Dogfooding is the concept of using your own product to debug, fix, and build your product - a philosophy that Postman has followed almost from day one. The decision to use Postman to build Postman “happened organically, simply because at the time we were building Postman, there was nothing available to us that helped build APIs quickly,” says Ankit Sobti, CTO and co-founder of Postman.
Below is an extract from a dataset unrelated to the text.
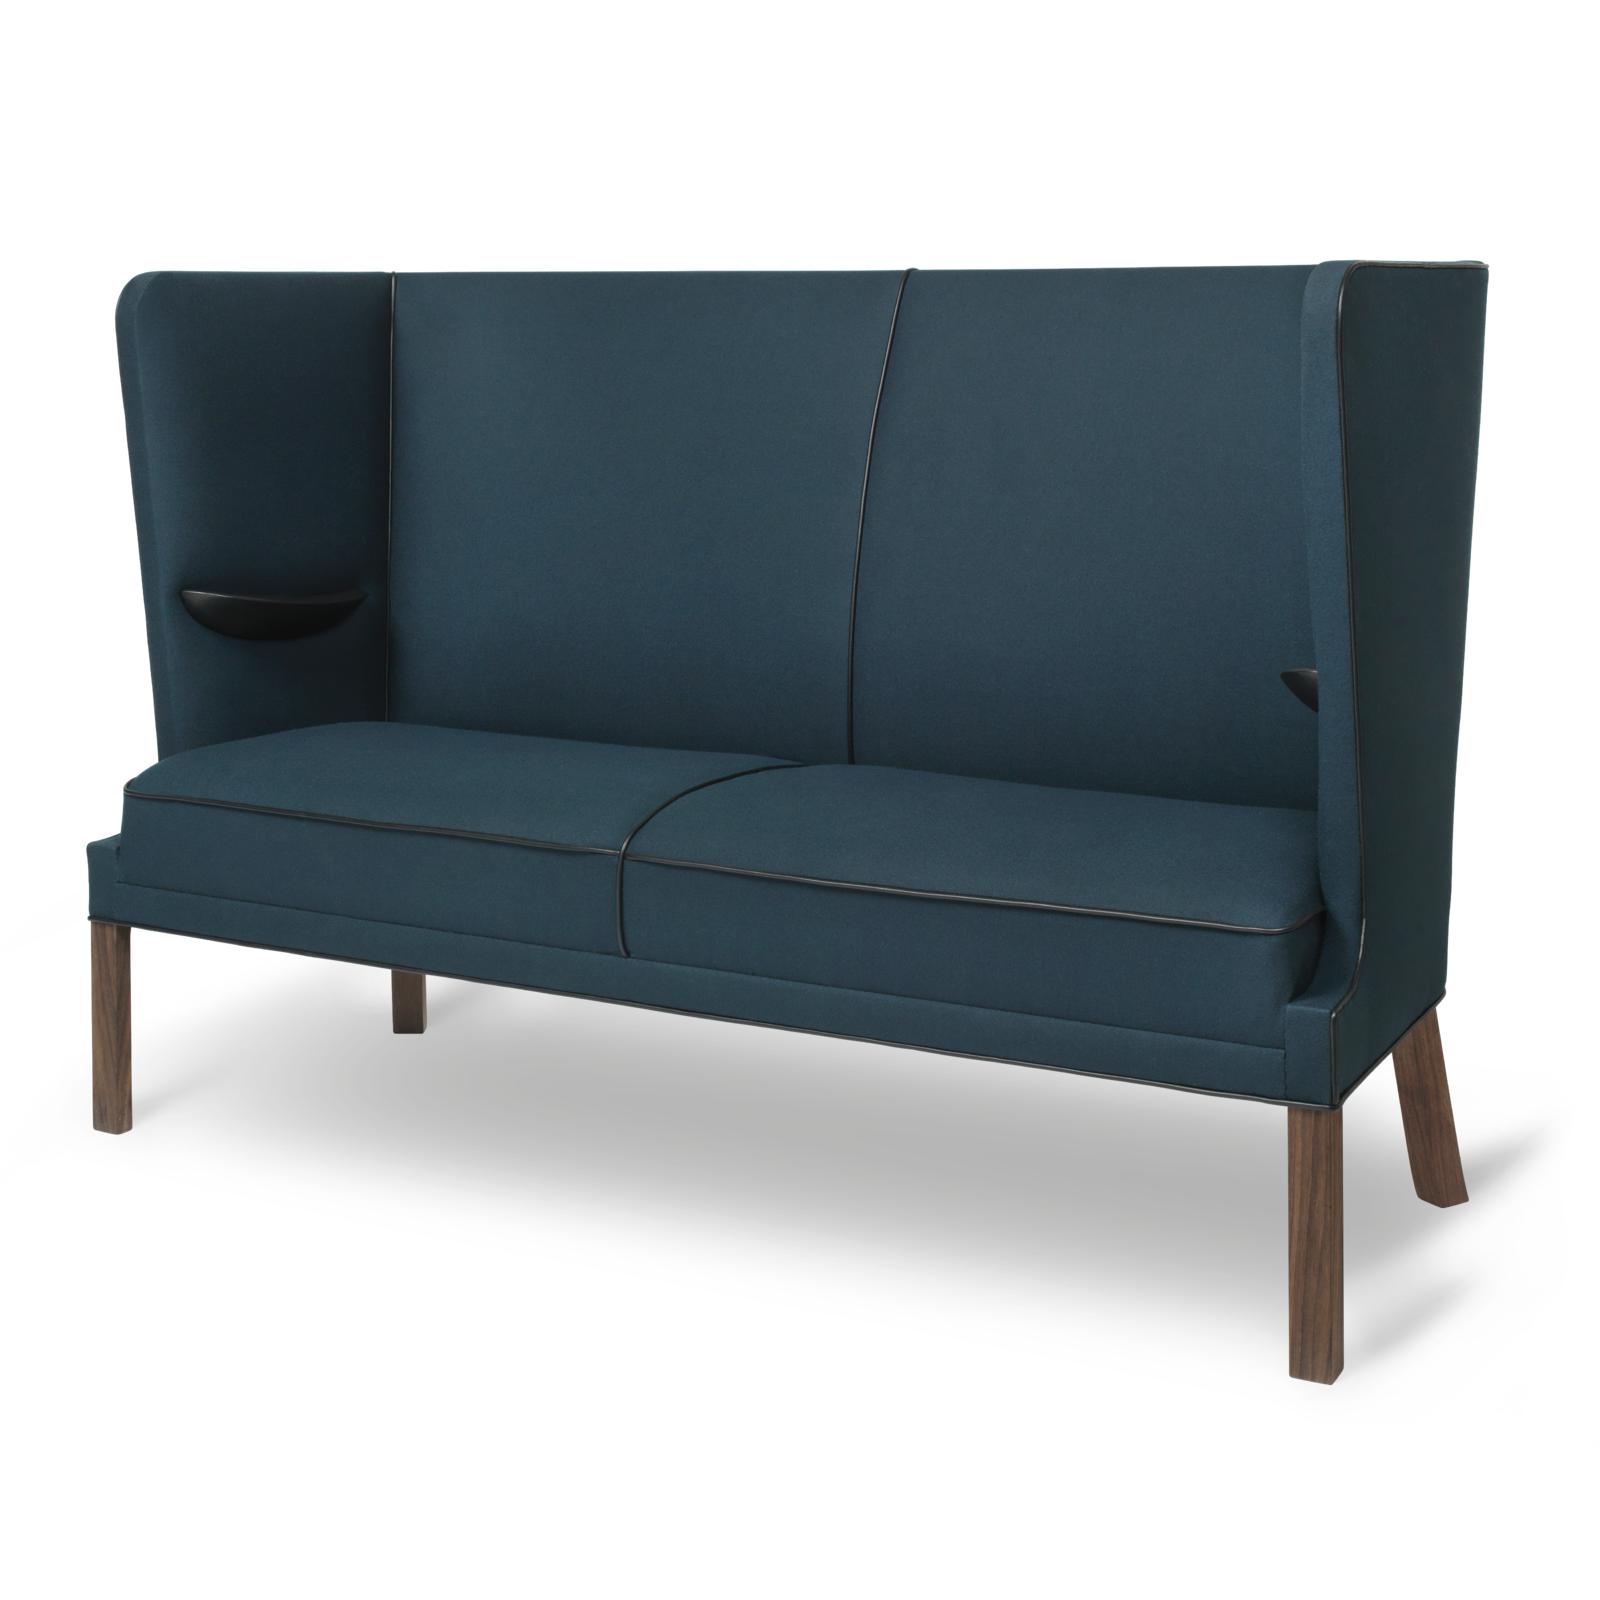 Carl Hansen Fh436 Coupé Sofa, Oiled Walnut/Blue Fabric

Ankit shares, “as an API-development platform, we have to manage a host of services, from data sync to cloud services, internal and public APIs. To design and maintain it all is where we use our own product at Postman. We use Postman at every stage of the API development lifecycle. And, in doing so, we figure out how it actually feels to be a user of the product that we are building and unearth interesting workflows covering the entire range of API development - from designing to publishing and all the stages in between.” This exercise of using Postman for internal workflows has helped the startup deliver the best possible user experience because nothing can help to spark ideas and spot deficiencies like using a product on a daily basis. The most dedicated users of Postman are, unsurprisingly, the very people who build Postman. In Ankit’s own words, “In the process, what we do for ourselves helps the community and vice versa.”


Community Feedback


Postman has always relied on the developer community to build a better product. Postman is deeply invested in its community. Ankit shares, “Back in 2012, when we started out and put Postman on the Chrome web store, we got tons of requests related to feature upgrades. Users shared their experiences and requests on forums such as GitHub and Discourse. As founders, we learned the nuances and complexities about how people build rich API systems through the community. Learning happened on the go, and the resulting insights were incorporated into every version of the product we released.”  
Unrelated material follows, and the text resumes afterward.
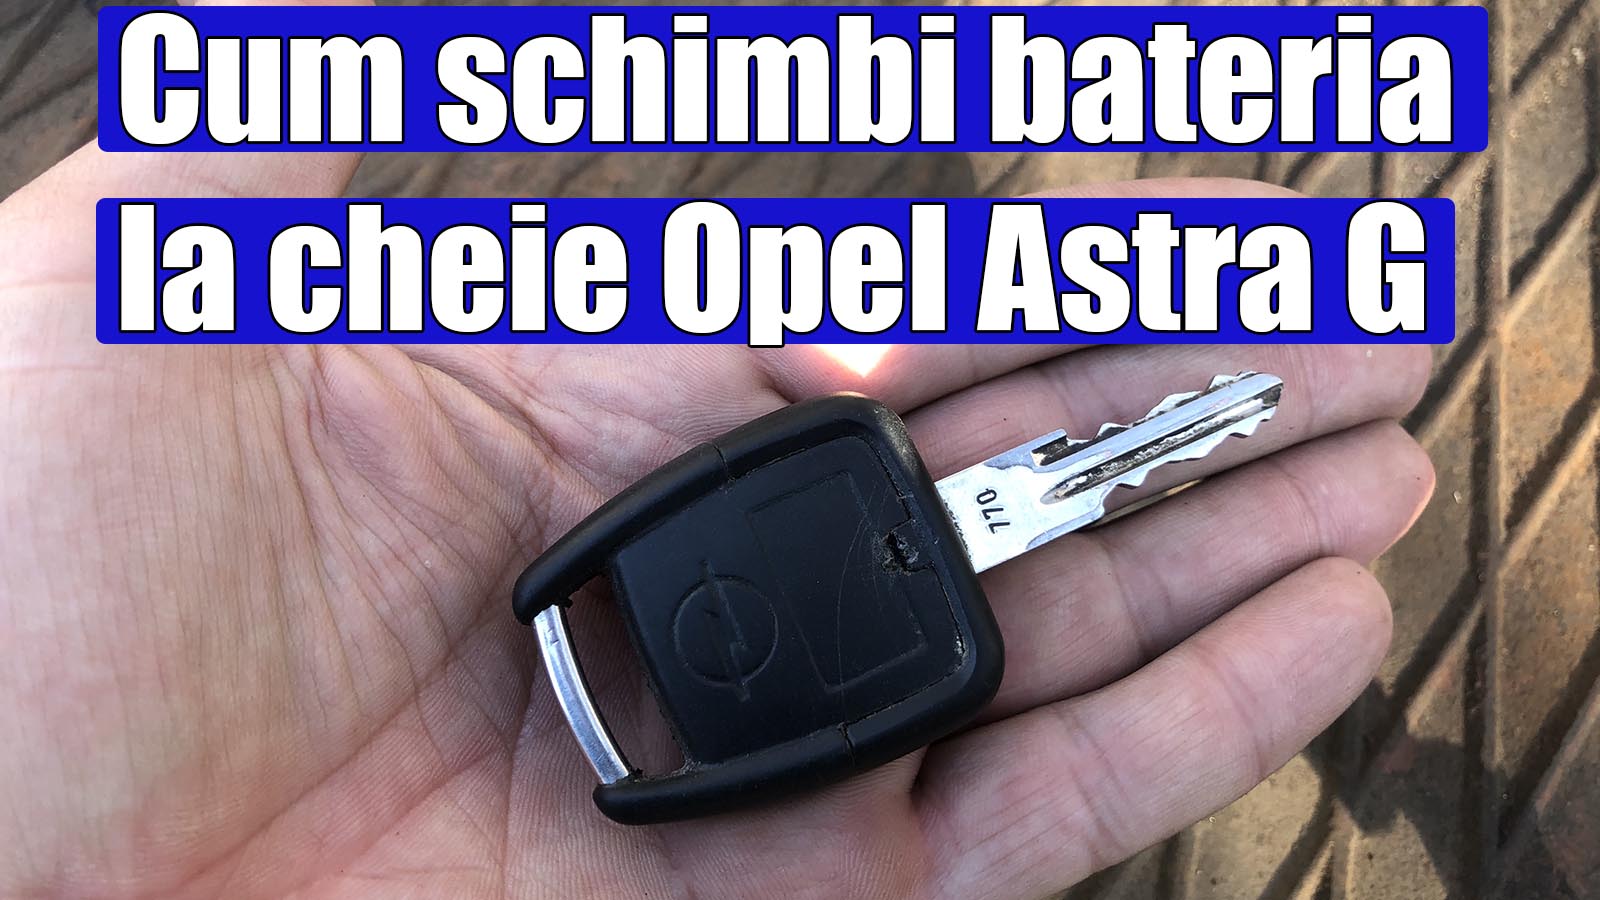 Cum schimbi bateria la cheie Opel Astra G, GT, Zafira, Vectra in 4

Even today, many releases are based on feature requests submitted by users, such as the OpenAPI support released earlier this year or the upcoming GraphQL support. Postman interacts with the community through forums like GitHub, Discourse, and Stackoverflow and always ensures that all legitimate requests and feedbacks have been responded to. As Ankit says, “At Postman, the onus of acting on feedback doesn’t just lie with the support team, but on all of us. Because, when Postman was a three-member team, the process of being in tune with community needs was instrumental. And, as we supercharge our growth, we want everyone in the organization to have the same experience.” The user feedback is tracked both qualitatively and quantitatively, “to get a view of the sentiment and package it in a way that ensures people are constantly building things faster and better.”


Postman Values


Even before Postman was formed as a company, the three co-founders sat together and drafted Postman’s values. These weren’t just words that would be printed on a pamphlet and gather dust on a bulletin board. The values were meant to run through every decision that the company made, from product releases to hiring. “We realized that what made us stick around even when we didn’t hold the designation as co-founders was the set of values we believed in. And we knew we needed people who believed not just in the technology, but also the values.”


Postman abides by five principal values, which Ankit describes as, “simple enough to understand, but hard enough to implement”, of creating with curiosity, earning trust, taking ownership, winning together and embracing constraints. “When we fail, no fingers are pointed. When we win, we win together.” This philosophy makes Postman successful both as a company and as a product.


As Postman continues to make API development easier, faster and better for its users and itself, credit for its success goes to its active community of over 6 million developers, its frequent use of its own product, a feedback-based business model, and strict adherence to the values on which it was founded. These conditions are what drives continuous improvement and growth at Postman.